23. A method for delivering at least one agent between an endoluminal prosthesis and a wall of a body lumen, the method comprising: advancing a sealing device to a desired location in the body lumen, said sealing device comprising a support member and at least one agent carried by the support member; causing or allowing said support member to change from a first relatively reduced radial configuration to a second relatively increased radial configuration,

wherein in said second increased radial configuration said support member defines a receiving region to receive at least a portion of the endoluminal prosthesis; advancing the endoluminal prosthesis to a desired location wherein at least part of the prosthesis is received in said receiving region of said support member; positioning an expandable member within a lumen of the endoluminal prosthesis and radially expanding the expandable member to exert a force on said support member; wherein said force causes the release of said agent from said support member.

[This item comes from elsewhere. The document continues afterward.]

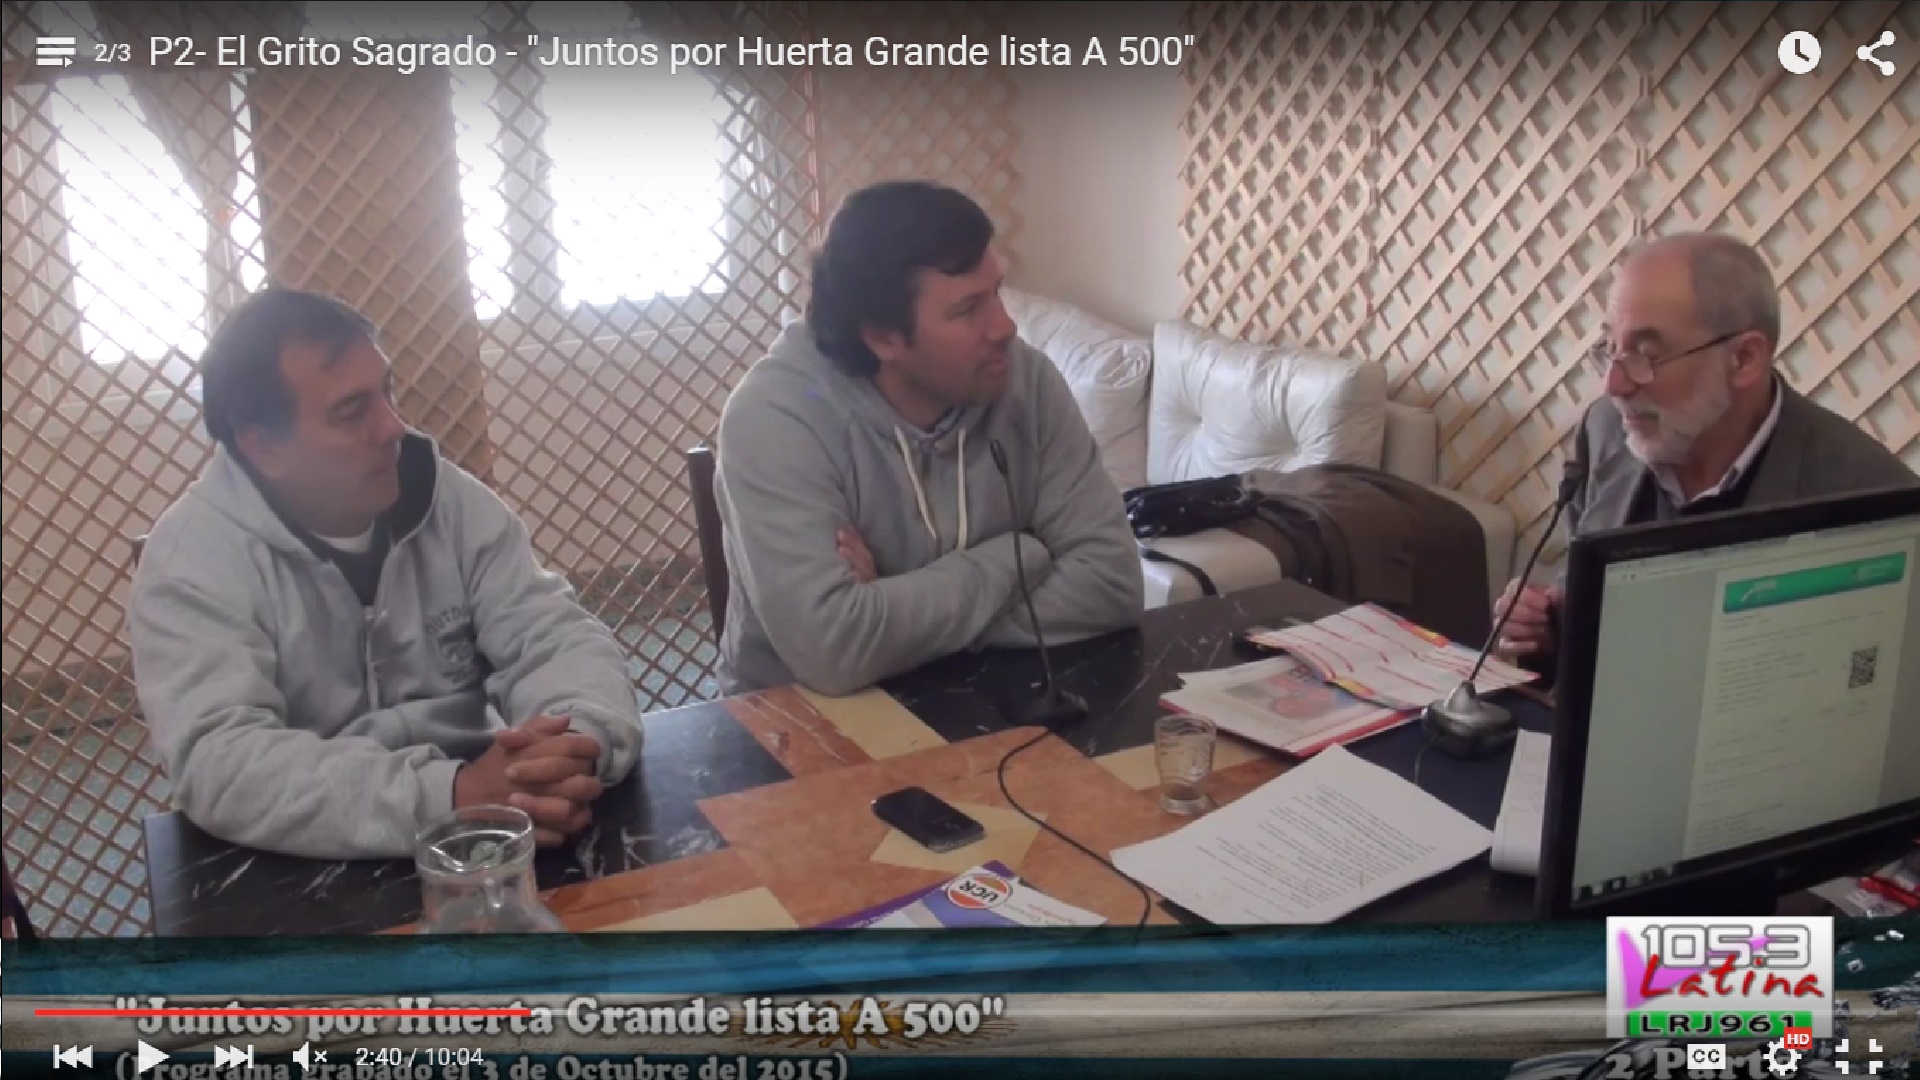 El Grito Sagrado - "Juntos por Huerta Grande lista A 500"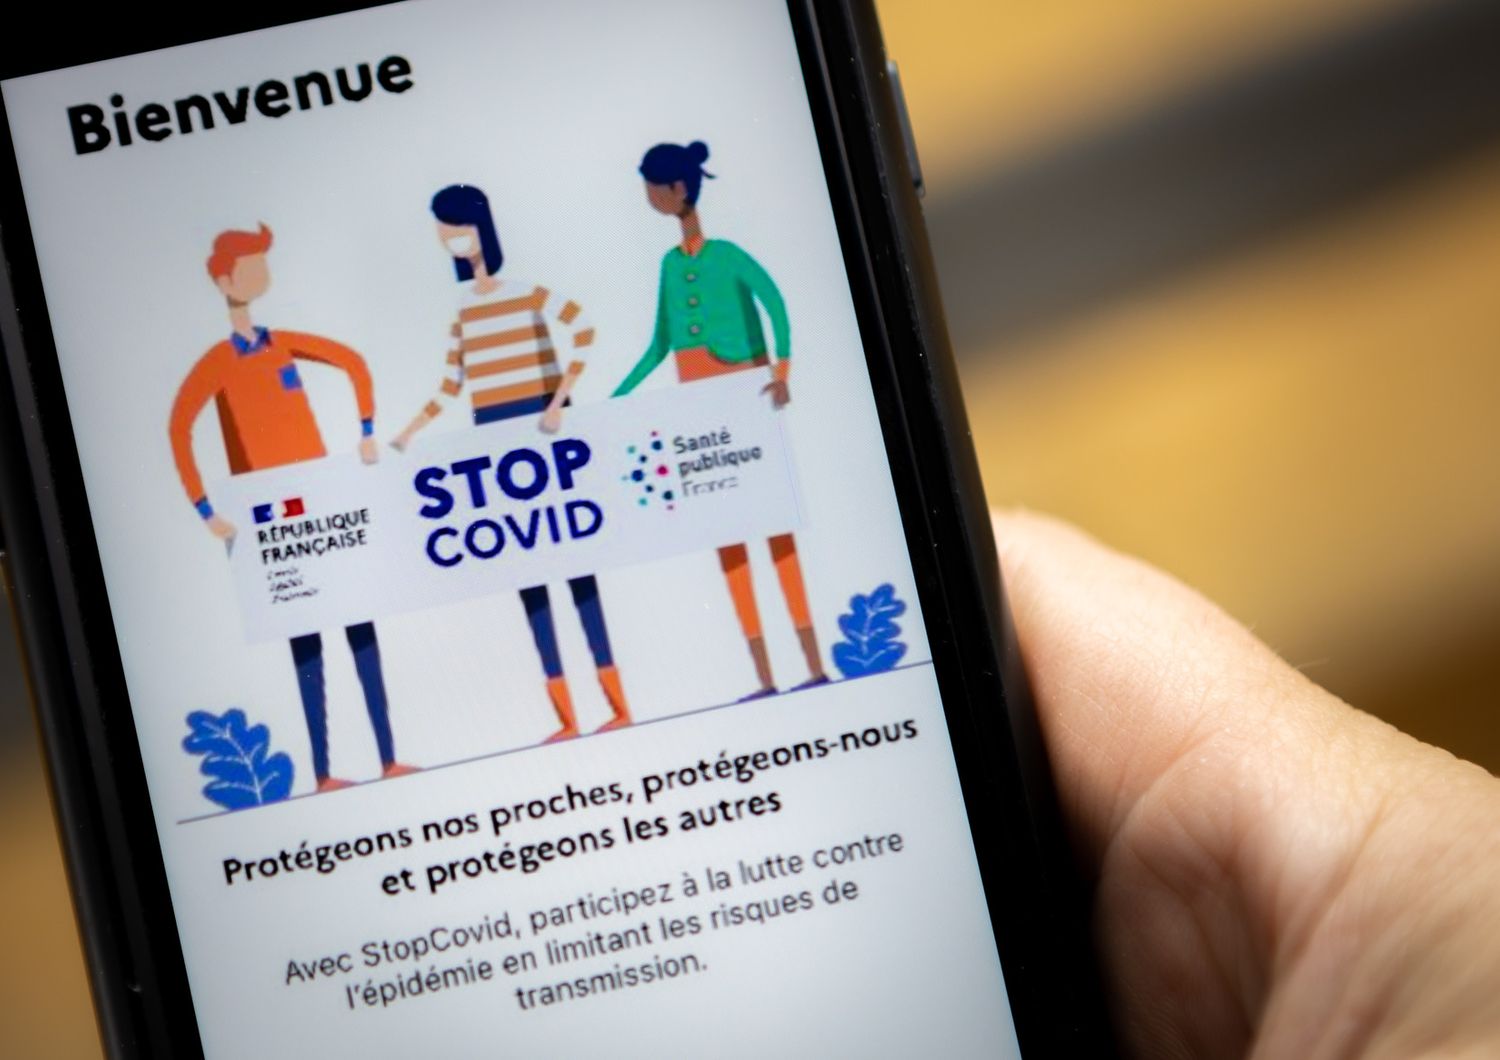 francia app stopcovid scaricata 1 milione volte

24. A method for delivering an agent between an endoluminal prosthesis and a wall of a body lumen, the method comprising: advancing the endoluminal prosthesis to a desired location in the body lumen, wherein the endoluminal prosthesis includes a sealing device positioned between the prosthesis and the wall of the body lumen, and wherein the sealing device includes (a) a support member including a shape memory material, and (b) a capsule carried by the support member; positioning an expandable balloon in the body lumen with the sealing device between the balloon and the wall of the body lumen; and radially expanding the balloon to press the sealing device against the wall of the body lumen until the capsule releases an agent contained within the capsule.